Specification: Data Collection Workflow

Goal

Aggregates information from GitLab (groups, projects, README files, issues) into a unified, enriched dataset that downstream renderers consume. The collector orchestrates calls to the GitLab API Client and produces structured overview rows (see Model Mapping).


1. Happy-Path Flow

  1. Retrieve the list of groups visible to the configured API token(s).

  2. For every group, retrieve projects.

  3. For each project:

    • Determine the branch used for README lookup: prefer default_branch from project metadata; fall back to main.

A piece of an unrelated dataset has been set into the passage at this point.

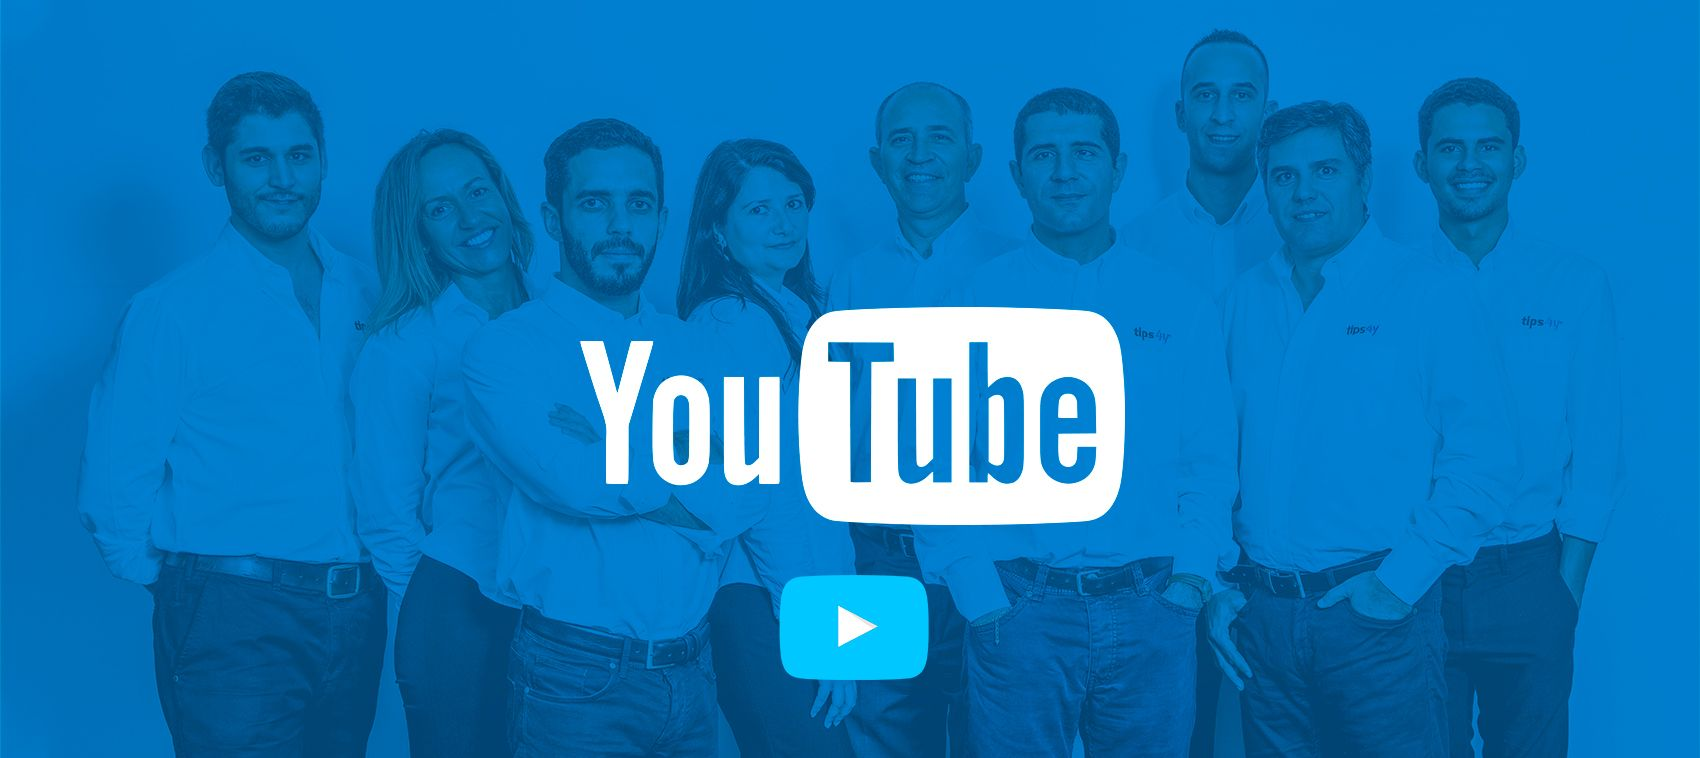 TIPS 4Y otimiza canal youtube

    • Request README.md raw content; on 404 treat README as missing.

    • Request issues list. Some projects may not have issue tracking, yielding issues=None.

  4. Transform raw JSON/text responses into domain objects via model mapping (see related spec) and compose an overview row containing:

    • Group object.

    • Project object.

    • Optional README object.

    • Optional List of Issue objects (may be empty list).

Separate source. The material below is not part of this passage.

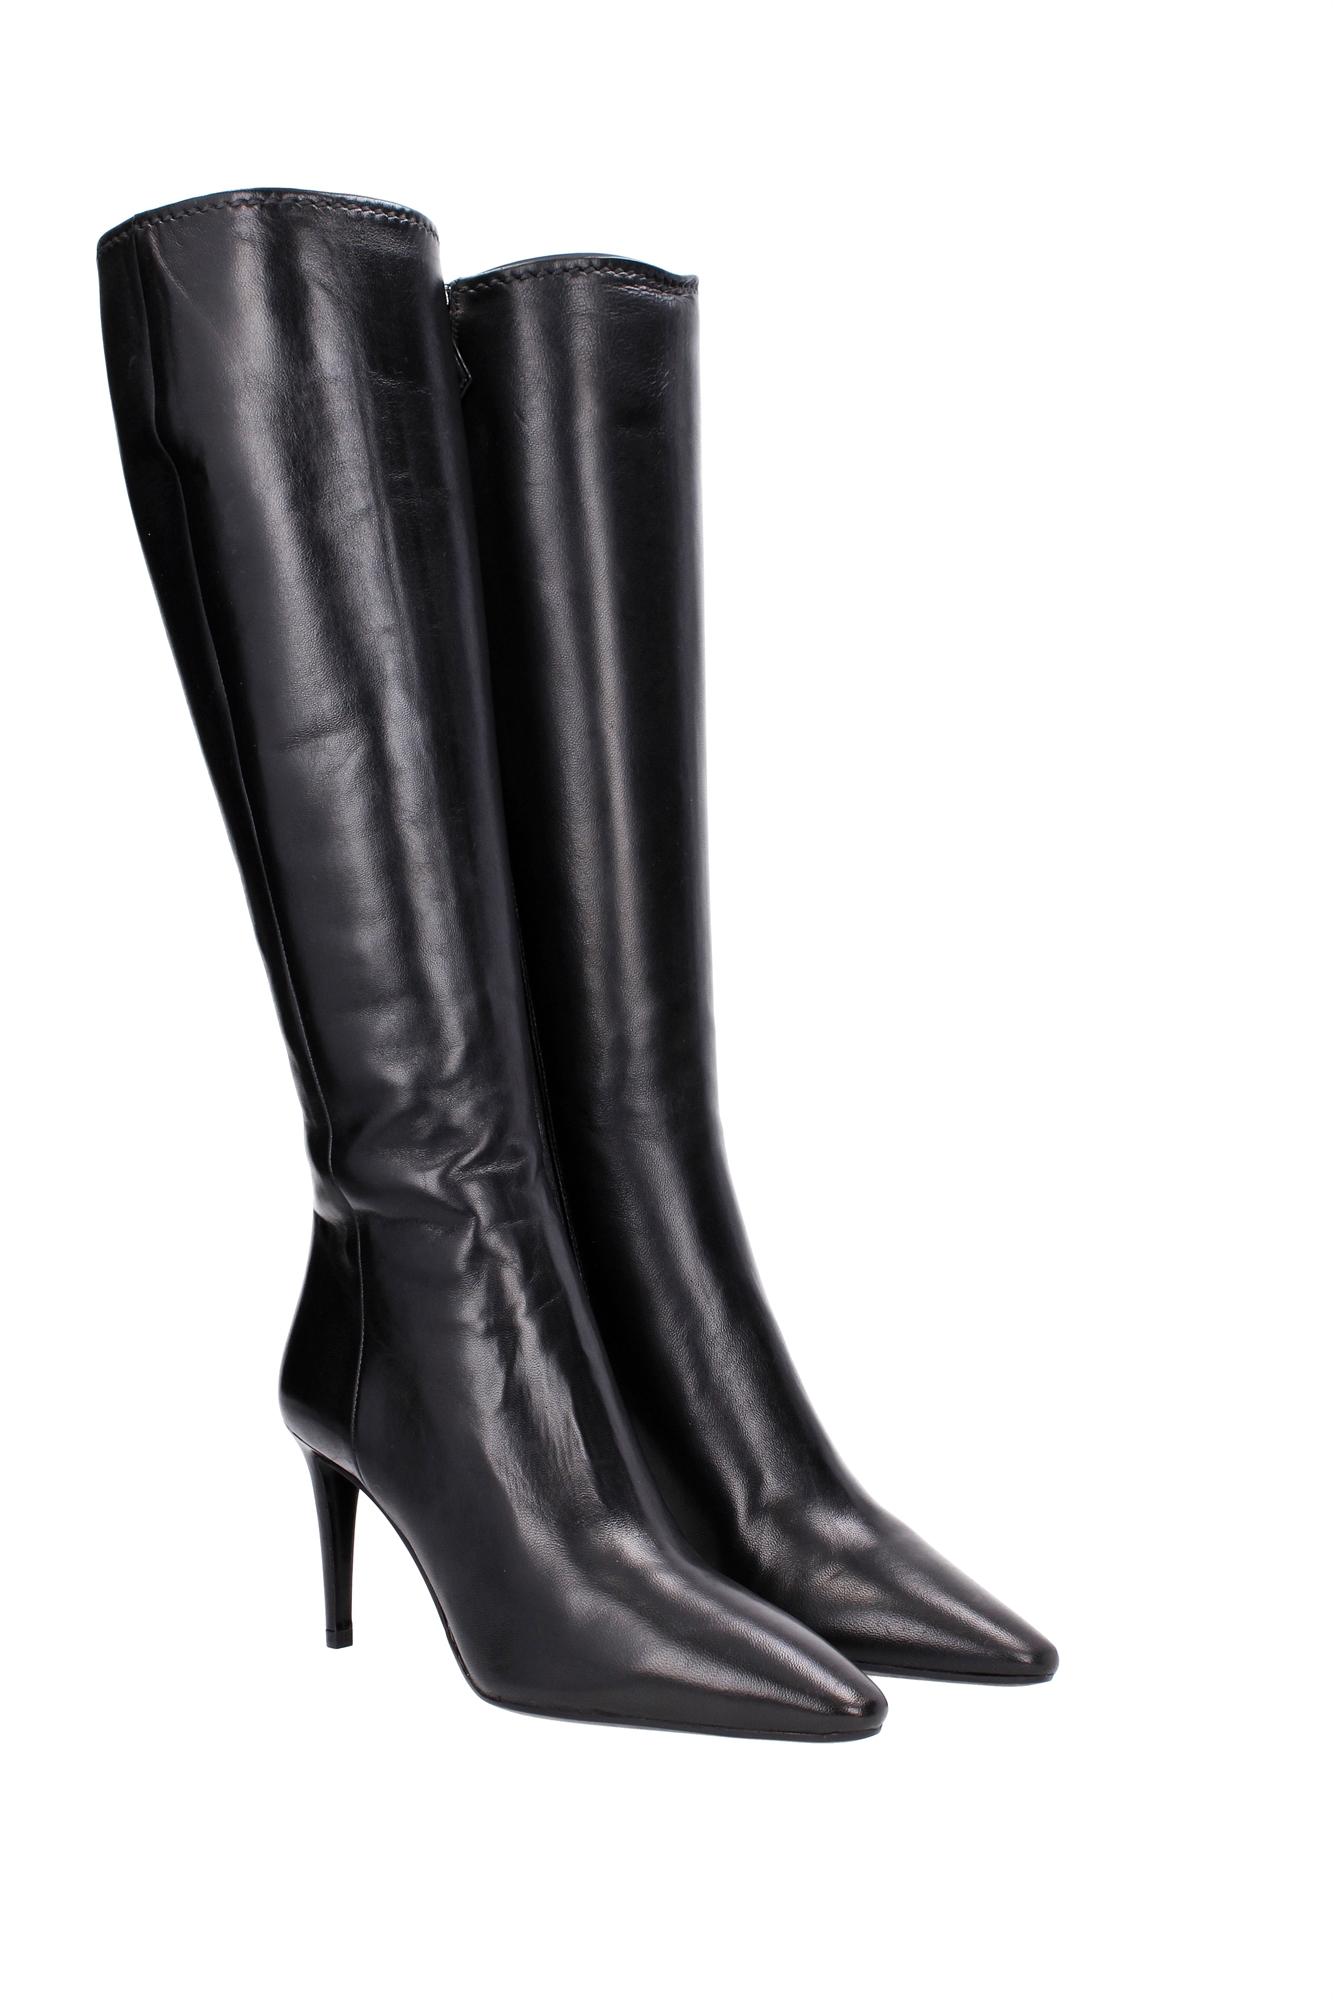 Model Iichicshoes  Prada Womens Black Leather Platform Zipper

    • Extra metadata extracted from README front-matter (author, priority, etc.).

  5. Return the list of rows to the caller, preserving the original discovery order.


2. Failure Handling

Failure point

Result

Group listing request returns error

Raise Collector Error and abort collection.

Project listing for a single group fails

Propagate error → abort collection (no partial results).

README fetch returns 404

Record readme = None; continue processing other artefacts.

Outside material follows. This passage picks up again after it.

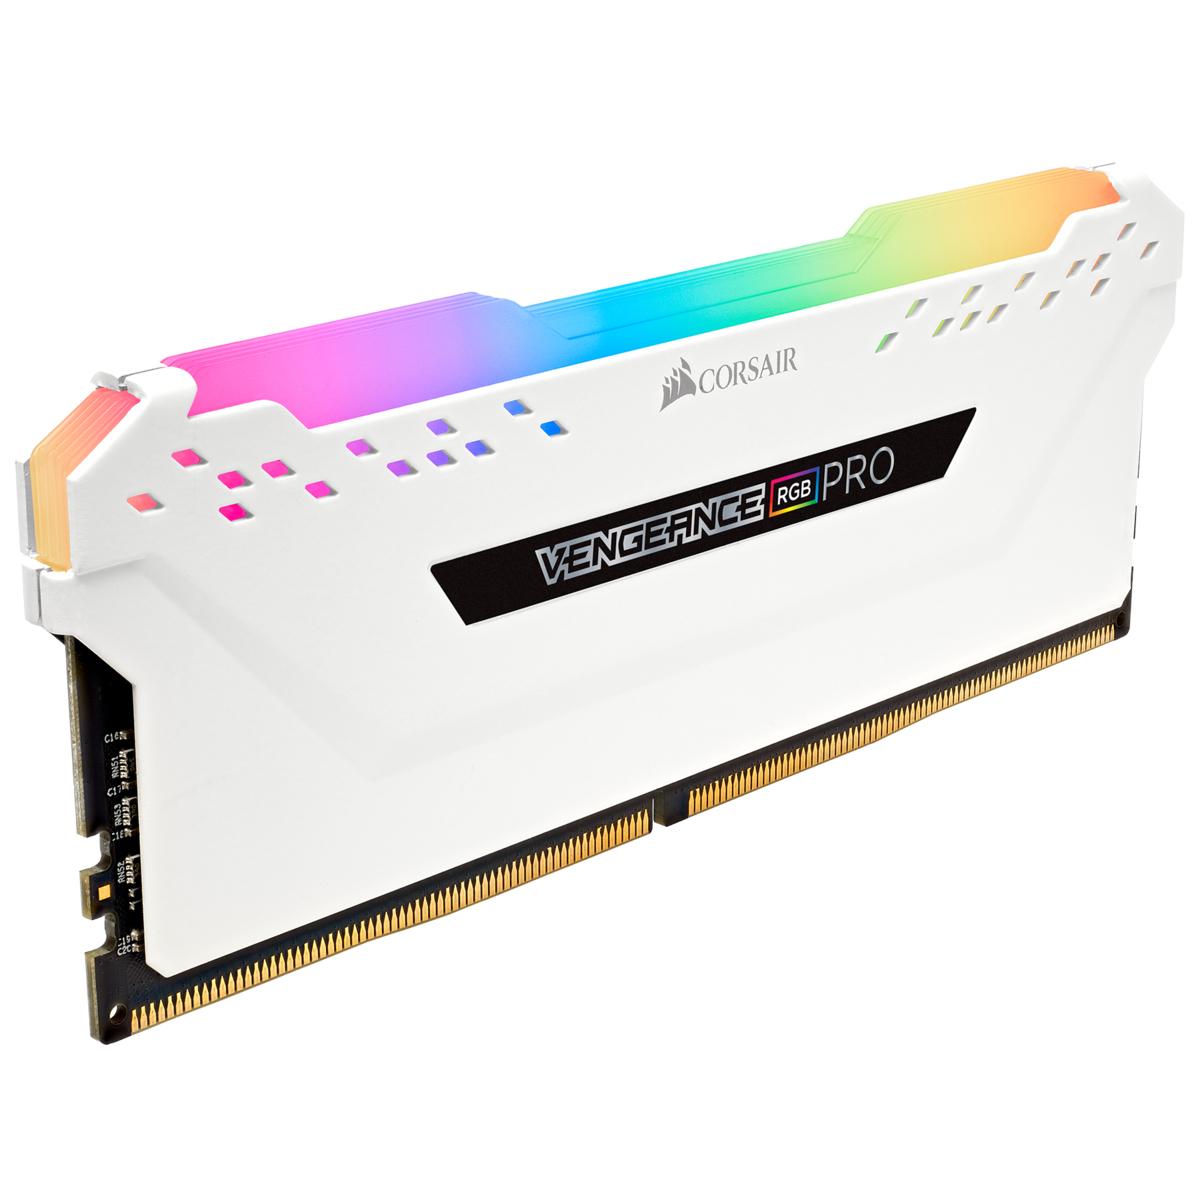 Corsair Vengeance RGB PRO - DDR4 - kit - 32 GB: 2 x 16 GB

README fetch returns non-404 error

Propagate as Collector Error.

Issues request fails

Record issues = None; continue processing other artefacts.

Errors are not silently ignored (except the explicitly graceful README-missing/no Issue-tracker case).


3. Concurrency & Rate Limits

  • Implementations may perform project-level fetches in parallel, but must honour the rate-limit handling strategy defined in the API client.

  • Parallelism must not reorder final output; order is defined by input discovery sequence (§1-5).


4. Output Contract

  • Returns an ordered, in-memory collection of overview rows.

  • None is always interpreted as “does not has this feature”, “not found”, etc. Empty values (such as "", [], ..) indicates the presence in the API, but empty.

  • No persistence or caching is performed at this layer.

  • The consumer applies sorting/grouping according to their own needs (see Table Sorting).


5. Non-Goals

  • Command-line parsing, configuration merging, or environment handling (see Settings).

  • Rendering concerns of any kind – these are addressed by higher-level specs.